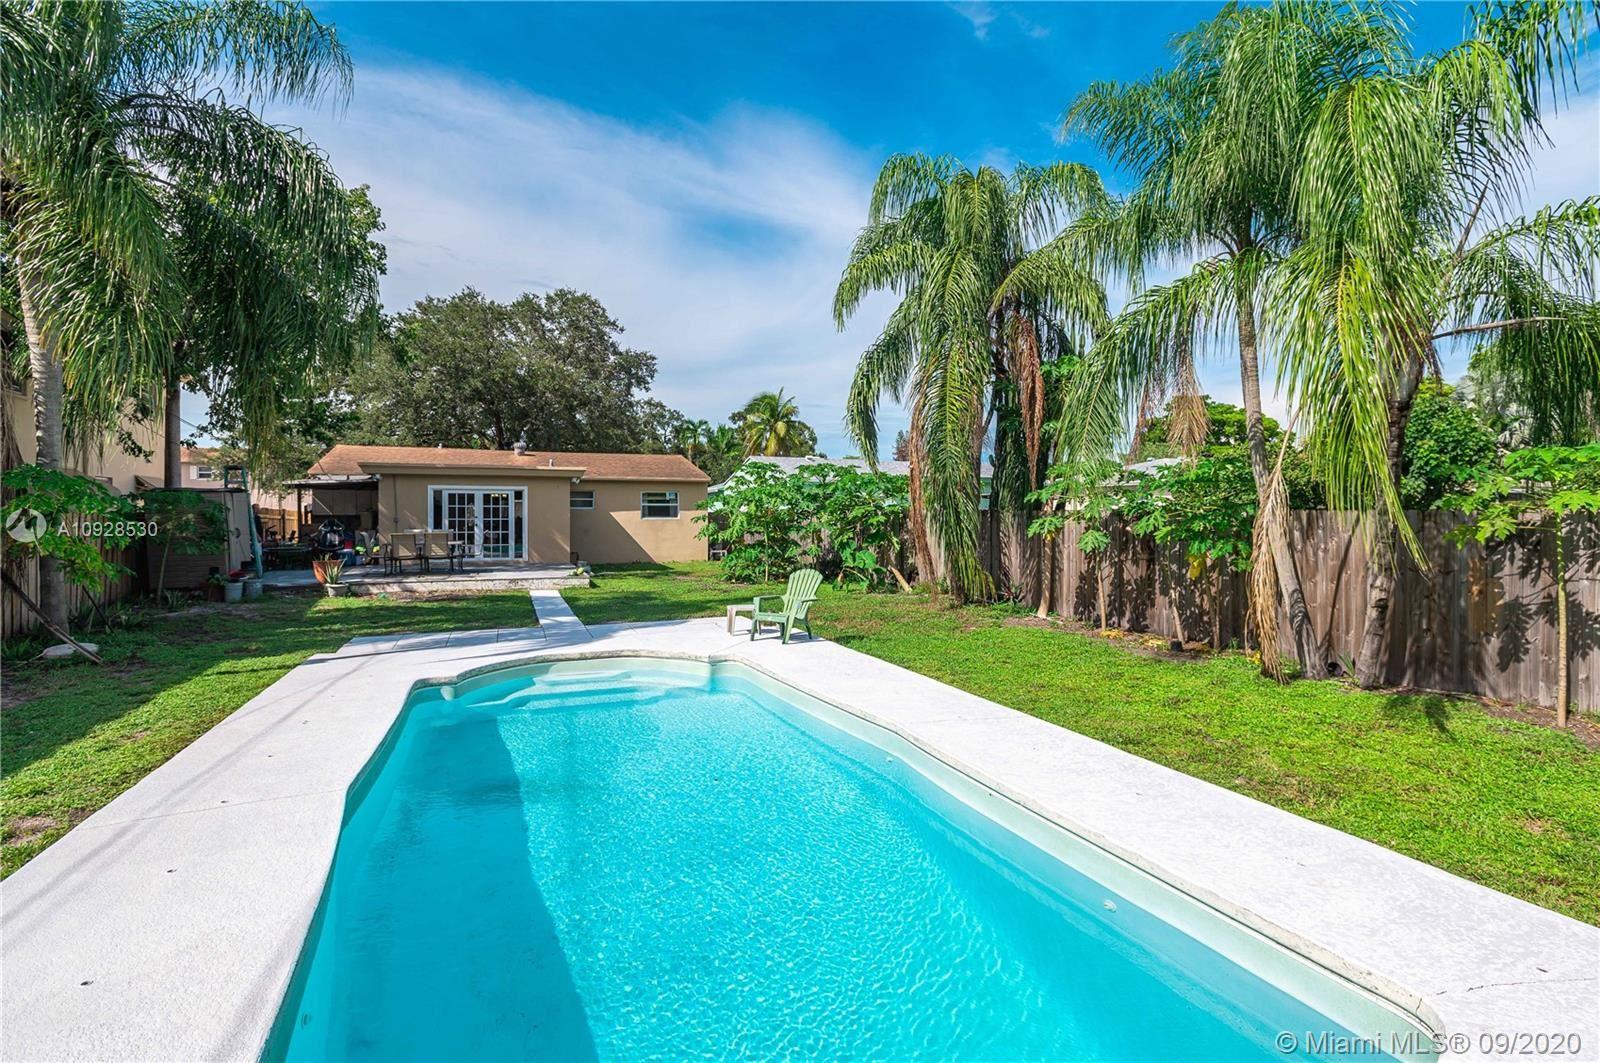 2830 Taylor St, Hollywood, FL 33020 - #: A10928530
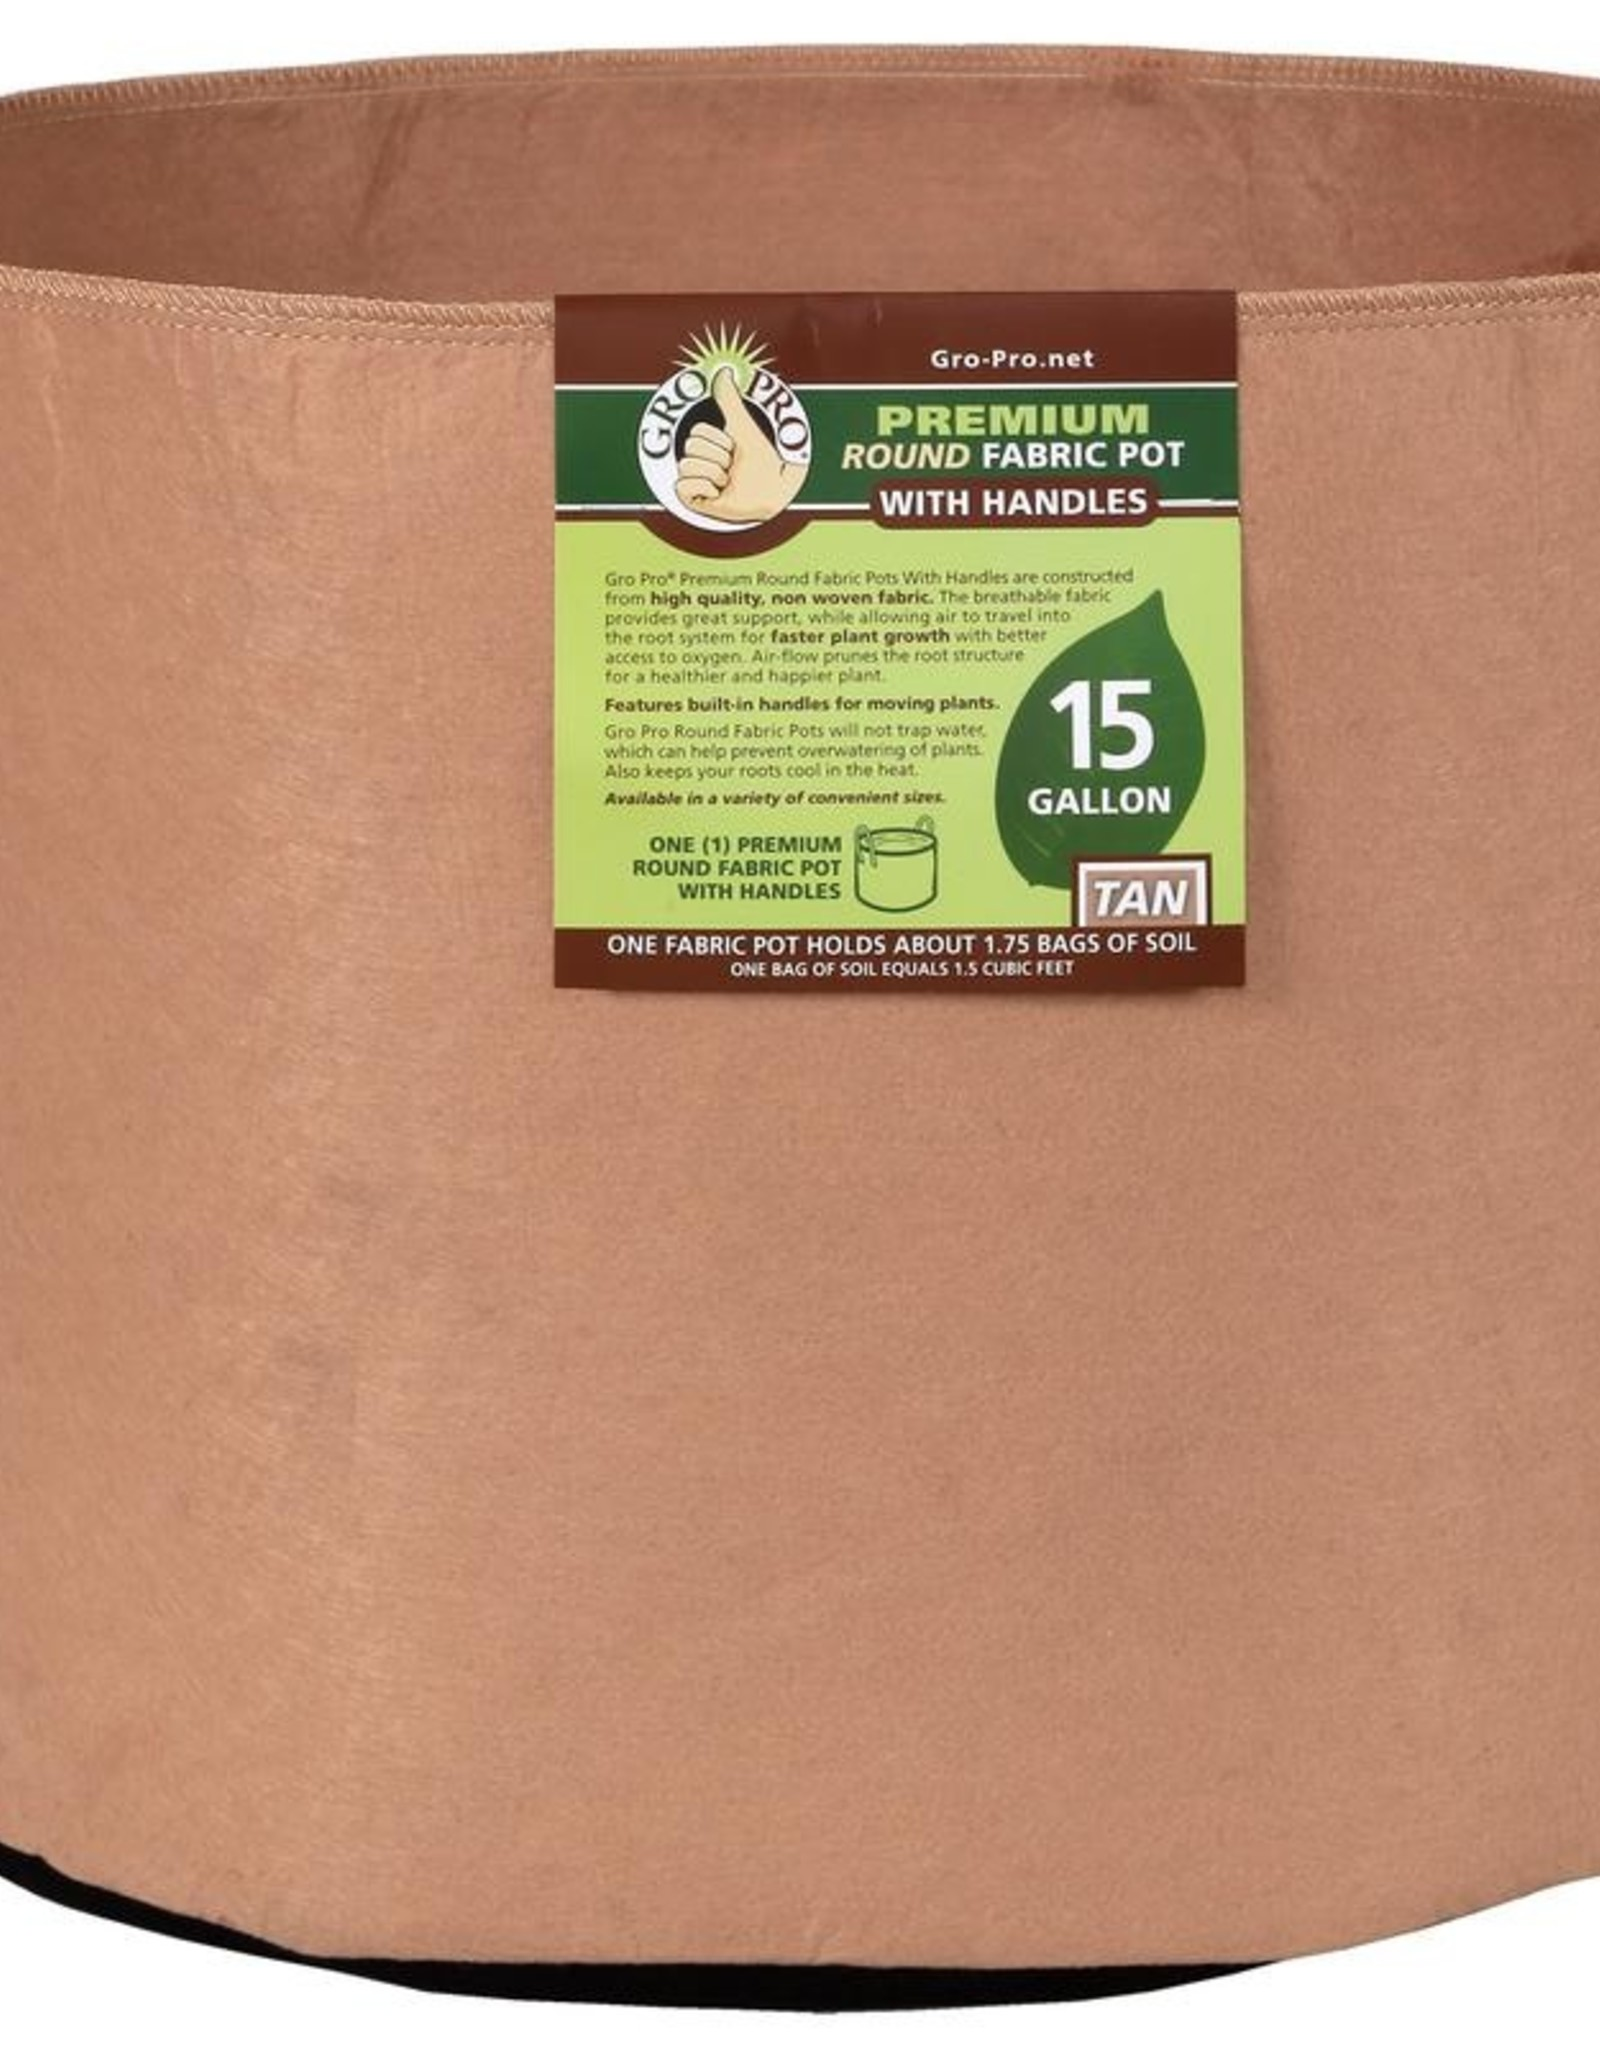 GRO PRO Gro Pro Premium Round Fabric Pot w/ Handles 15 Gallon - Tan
━━━━━━━━
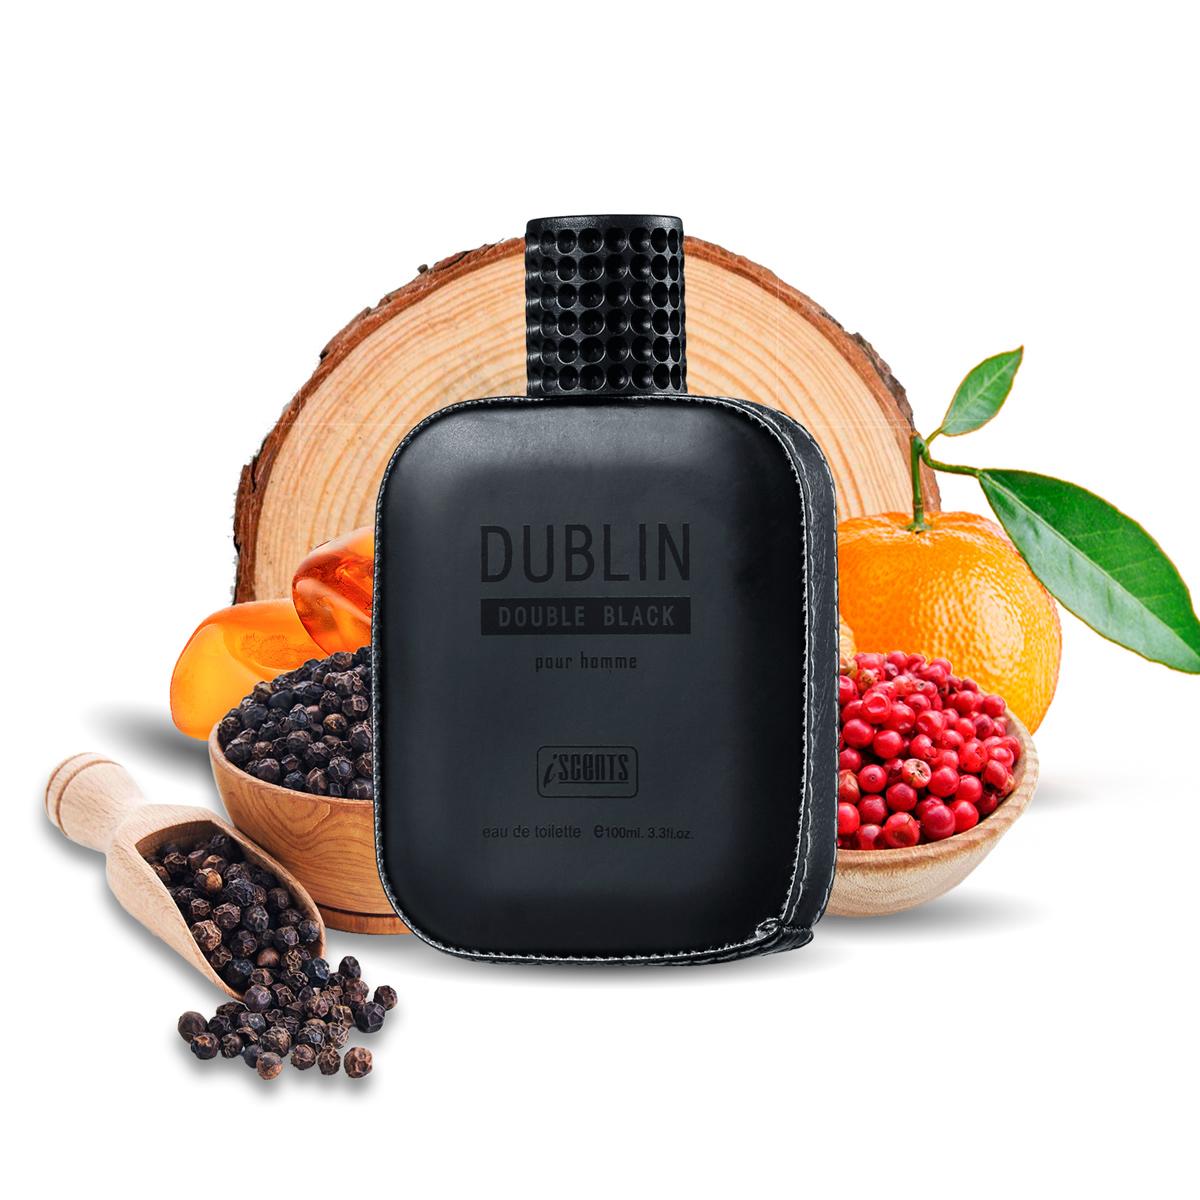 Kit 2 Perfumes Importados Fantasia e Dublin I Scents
━━━━━━━━
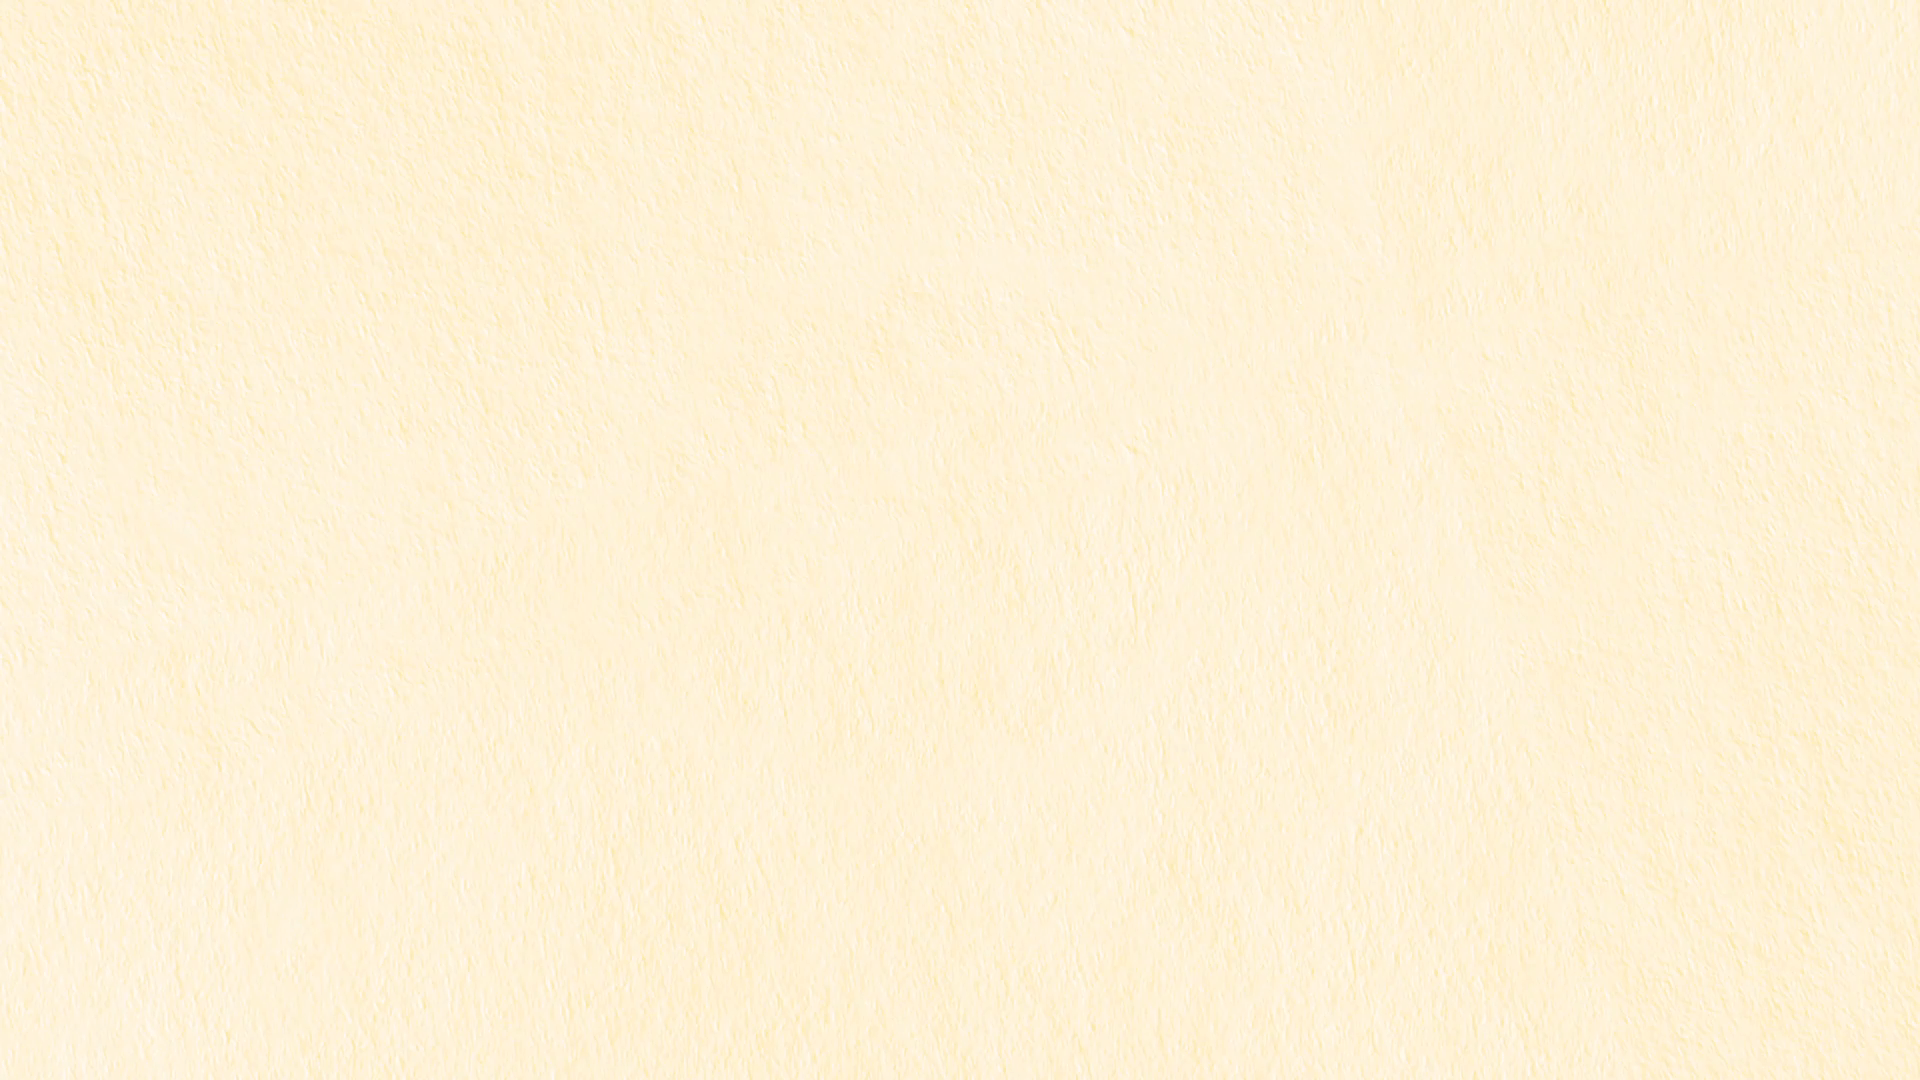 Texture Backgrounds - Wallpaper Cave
━━━━━━━━
* _Activity_
The answer must be the part of the records that opens with the line containing "2830 Taylor St, Hollywood, FL" and closes with the line containing "GRO PRO Gro", reproduced exactly, with no pictures.

* _Solution to this task_
 2830 Taylor St, Hollywood, FL 33020 - #: A10928530
 GRO PRO Gro Pro Premium Round Fabric Pot w/ Handles 15 Gallon - Tan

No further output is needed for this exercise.